Provide a list of prescribed drugs, including the dosage, prescribed time schedule, and adverse reactions to report to the practitioner. Provide the patient (and family or caregiver, as needed) with written information on the medications that the patient should take after discharge.
Assess the patient's and family's understanding of prescribed medication, including dosage, administration, expected results, duration, and possible adverse effects.
Assess the patient's ability to obtain medications; identify the party responsible for obtaining medications.
Instruct the patient to provide a list of medications to the practitioner who will be caring for the patient after discharge; to update the information when the practitioner discontinues medications, changes doses, or adds new medications (including over-the-counter products); and to carry a medication list that contains all of this information at all times in the event of an emergency.
Ensure that arrangements for home health care services are in place, as needed.

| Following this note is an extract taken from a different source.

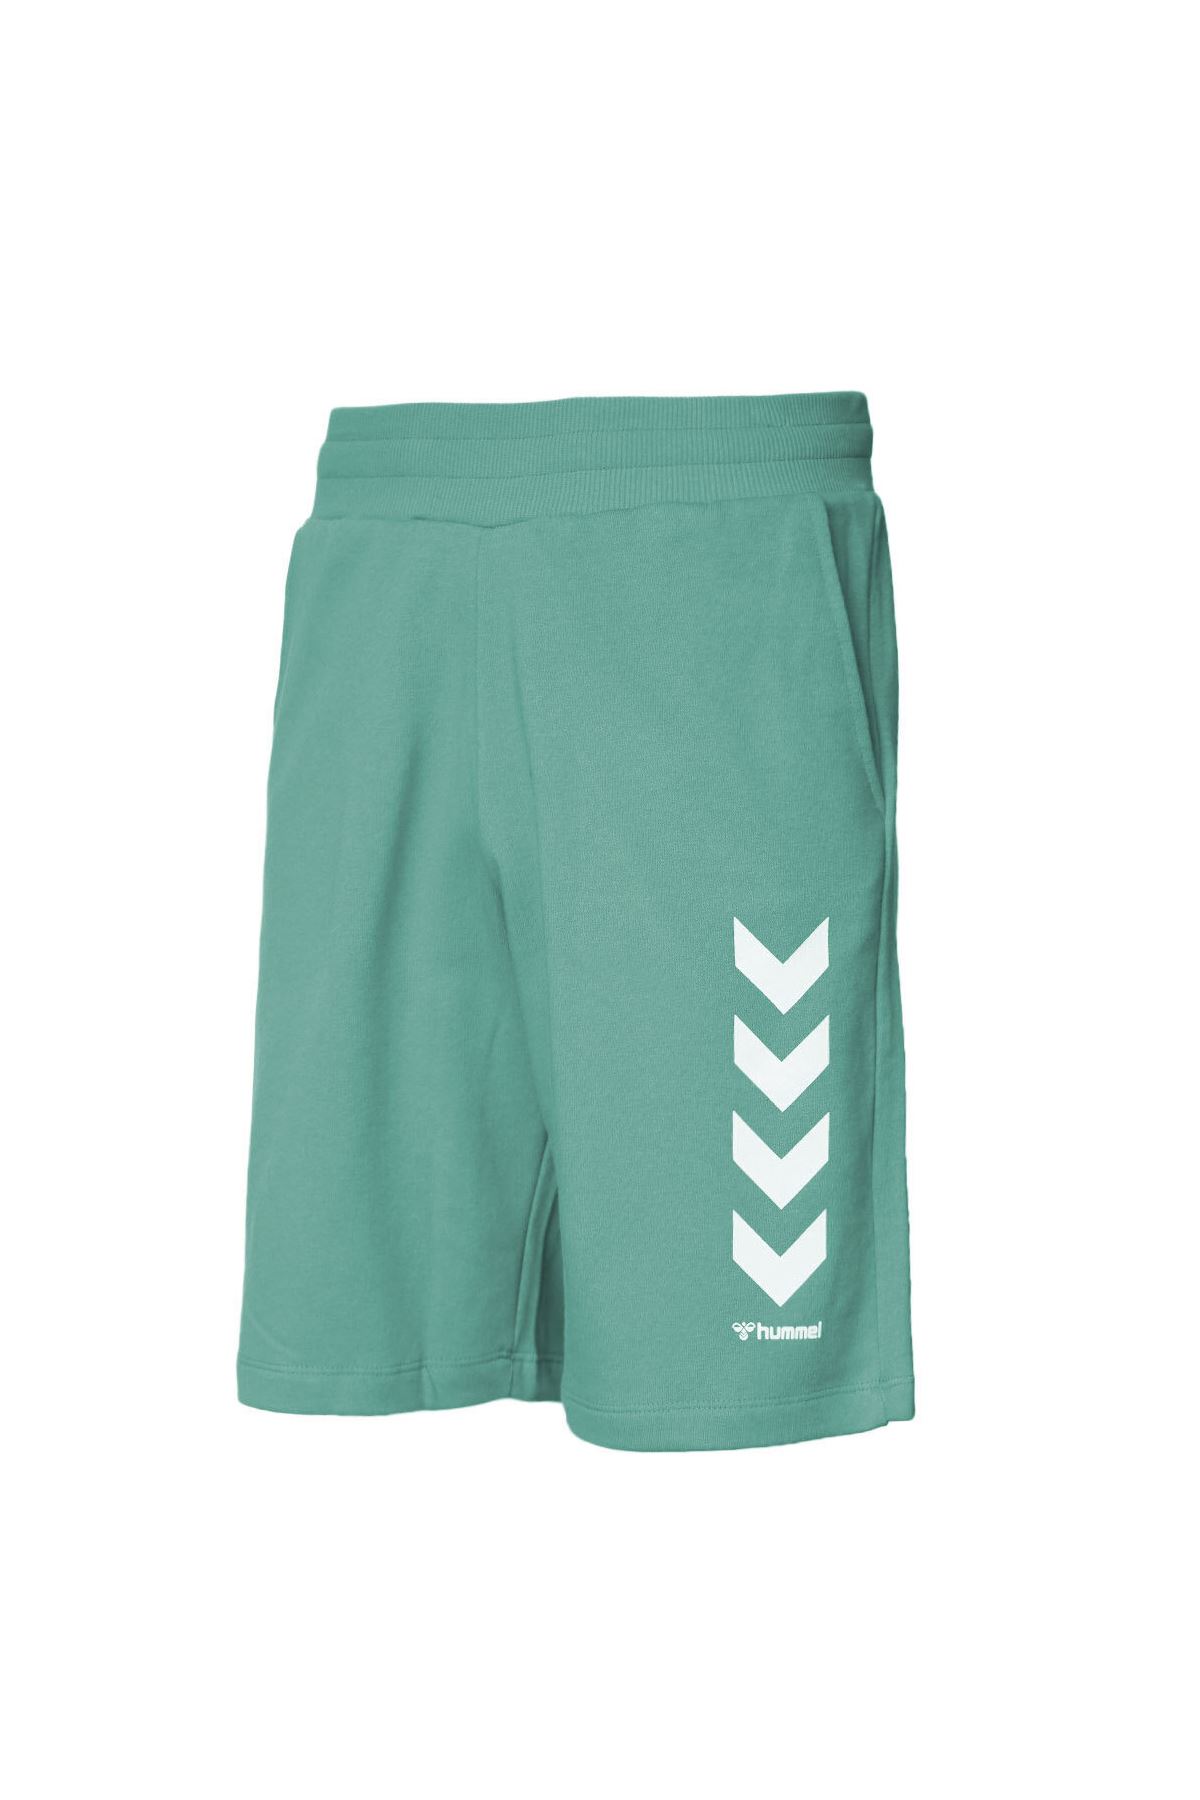 Hummel Hmlkens Shorts Erkek Yeşil Şort - 931152-6110

Ensure that the patient and caregivers receive medical contact information.
Ensure that the patient or caregiver receives a copy of the discharge instructions and that a copy is placed in the patient's medical record.
Provide contact information regarding local support groups and services, including telehealth resources.
Recommend that the patient receive influenza and pneumococcal vaccines and consider the hepatitis B, COVID-19, and herpes zoster vaccines, if indicated.
Provide information on smoking cessation, as needed.
Document the discharge planning evaluation in the patient's clinical record, including who was involved in discharge planning and teaching, their understanding of the teaching provided, and any need for follow-up teaching.